Is programmable logic stuck in a niche? Or has it got a whole new future in the consumer market? Much of the first day of the Globalpress Summit Conference in San Francisco yesterday was devoted to the prospects for the sector.
Bryan Lewis, vice president for research at Gartner, pointed out that programmable logic outperformed the overall semiconductor market last year, with Altera growing 8.8 per cent; Xilinx growing 5.4 per cent, Lattice shrinking by 3.1 per cent and Actel growing by 11.2 per cent compared to an overall semiconductor market which shrank 4.1 per cent.

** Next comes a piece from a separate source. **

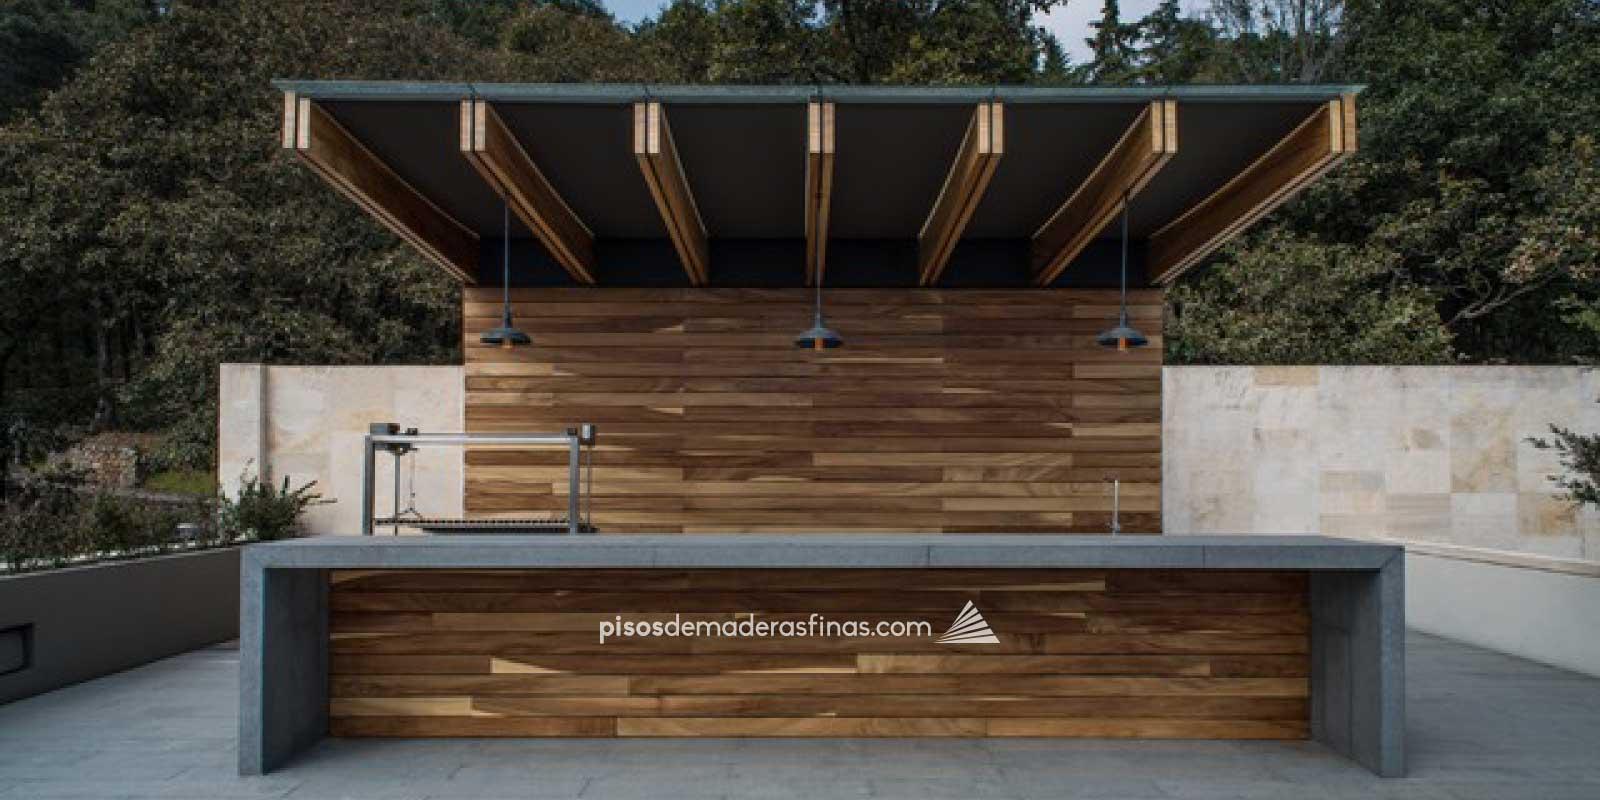 Deck de madera de parota huanacaxtle piso de madera para for Deck para exteriores
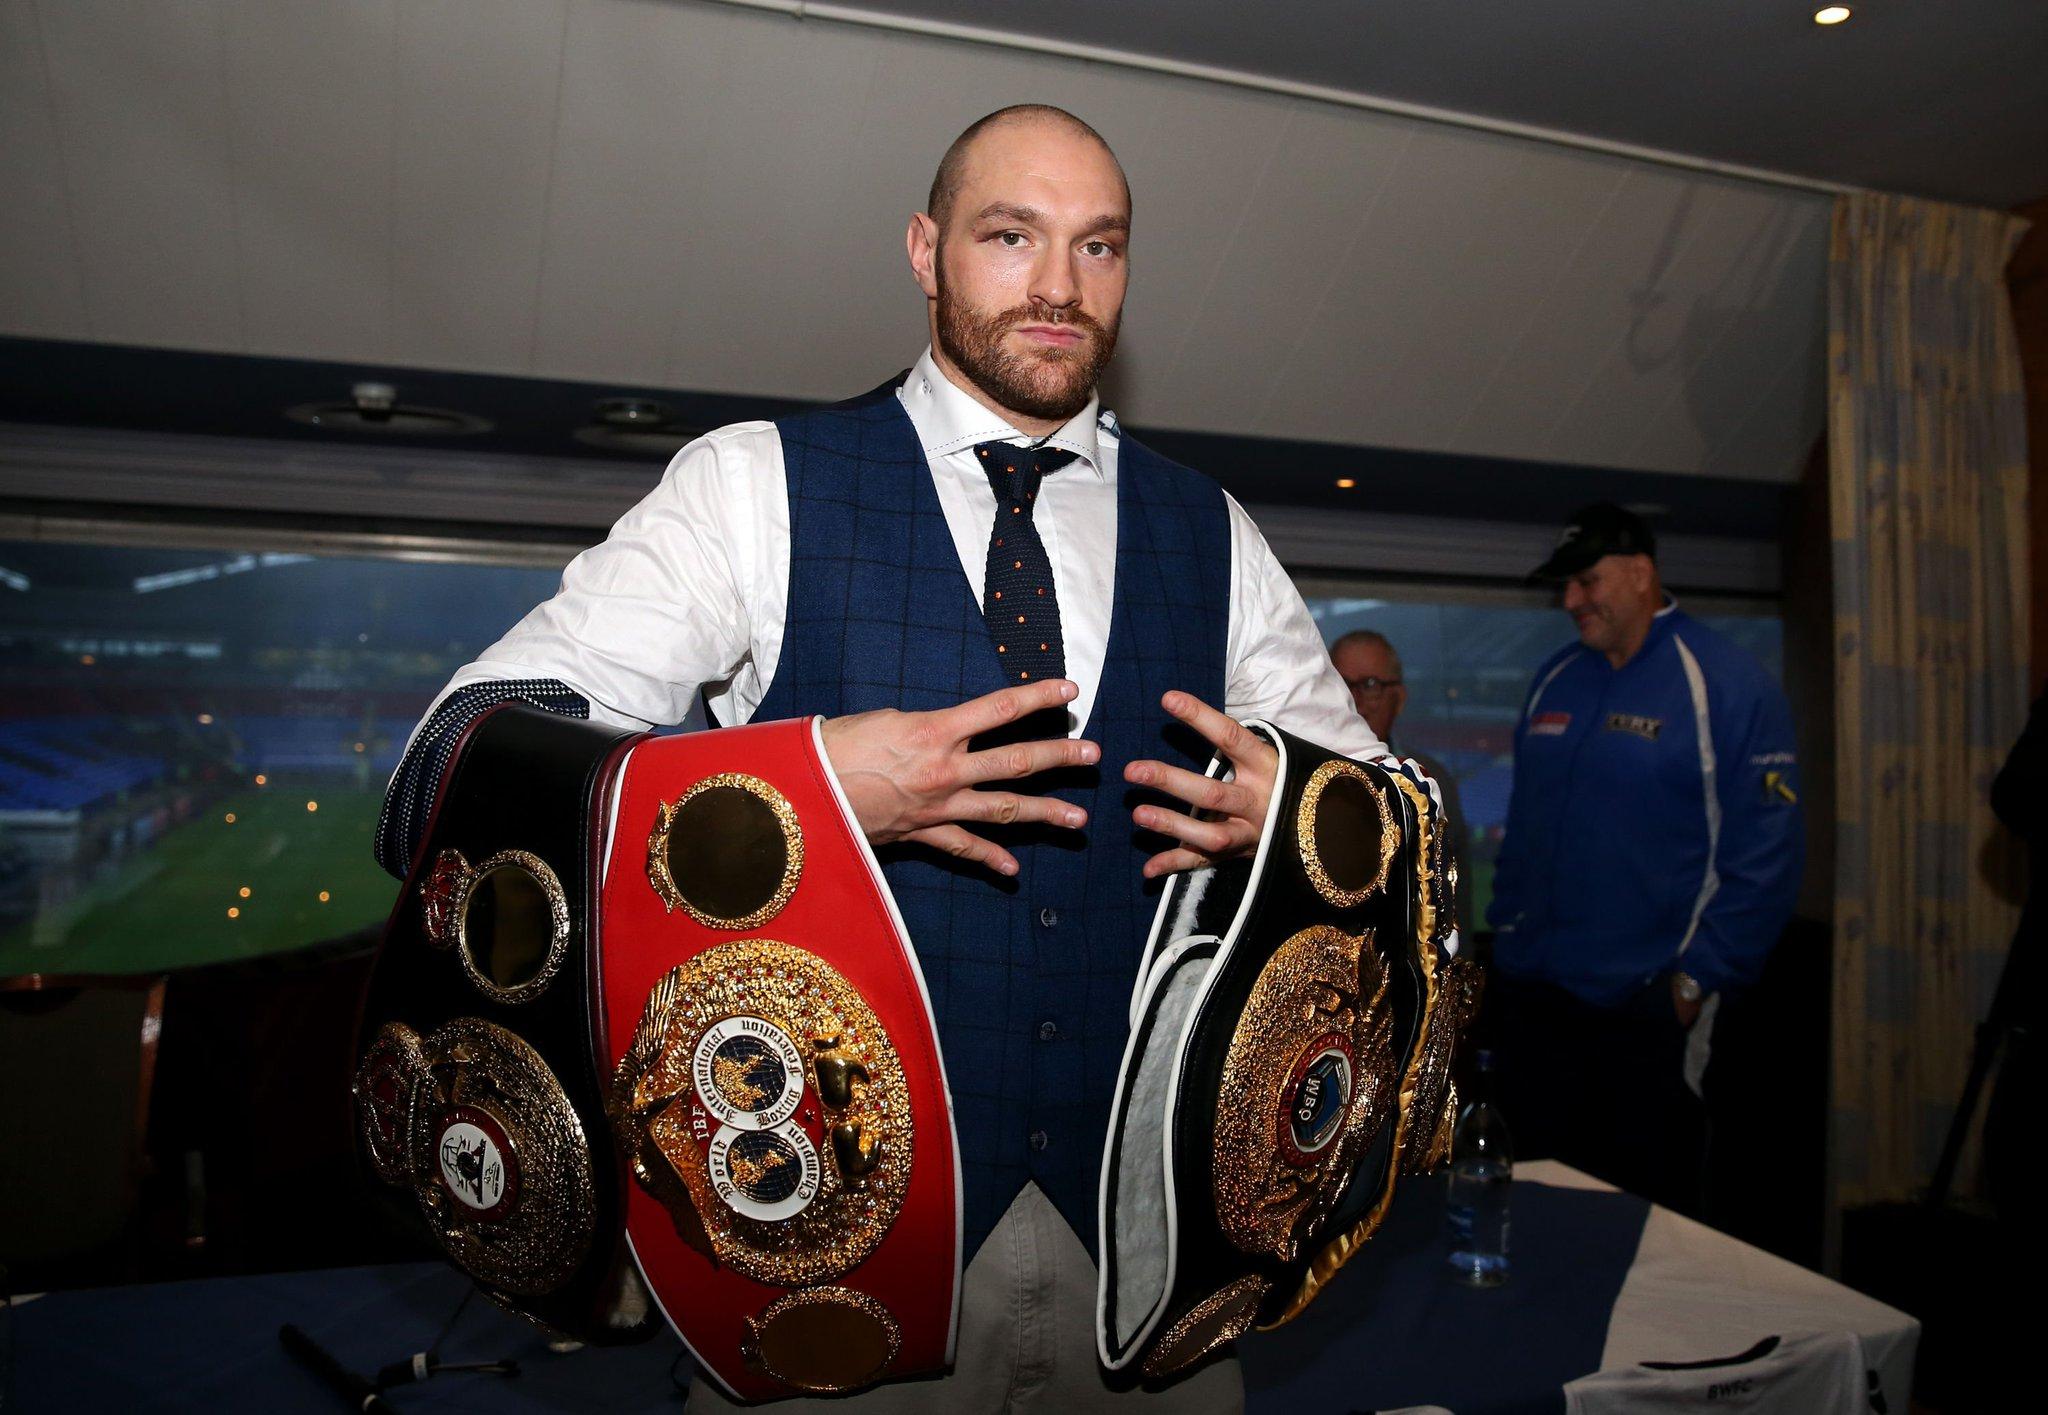 Heavyweight titles...  - WBA: - IBF: - WBO: - IBO: - Fights: 25 - Wins: 25  Happy birthday Tyson Fury!

But how is programmable doing against ASIC? It's a metric which the programmable industry used for many years when programmables ate into the market share of ASICs remorselessly year by year.
No longer, it seems. In 2007, ASICs grew 4.9 per cent while FPGA shrank 3.2 per cent, said Lewis, in 2008, ASICs shrank 2.7 per cent while FPGA grew 5.5 per cent and this year ASICs are expected to shrink 25.9 per cent while FPGA shrinks16.8 per cent.
It would have been much worse for FPGA, said Lewis, had it not been for the 3G roll-out in China.
Programmables remain a $3.6bn niche, while ASIC revenues are $24bn and ASSP revenues are $69bn.
John Daane, CEO of Altera, reckoned: "This year will see the ASIC market declining substantially because the consumer market is going down," adding that consumer represented half the ASIC market.
However Kapil Shankar, CEO of SiliconBlue, disagreed: "The consumer market is alive and well. Designs wins are going strong."
Shankar is hoping to get programmables back into ASIC-beating mode with a play in the consumer market where you need to be low-cost and low-power. SiliconBlue's SRAM-based FPGAs draw 20 microWatts and cost between $1 and $3, said Shankar.
However Shankar was bested by Rich Kapusta of Actel who pointed out that Actel's flash-based Igloo FPGAs draw only 2 microWatts and are the lowest powered FPGAs in the industry. "Our flash-based products grew 38 per cent last year", said Kapusta, "we are the ARM of the FPGA world. We design for low power."
If programmables are ever to get back on to their old track of eating away, year by year, at the ASIC market share it is, it seems, low power and low cost which will get them there, rather than the current fad for putting more fixed functionality into programmables and so narrowing the differentiation between an ASIC and an FPGA.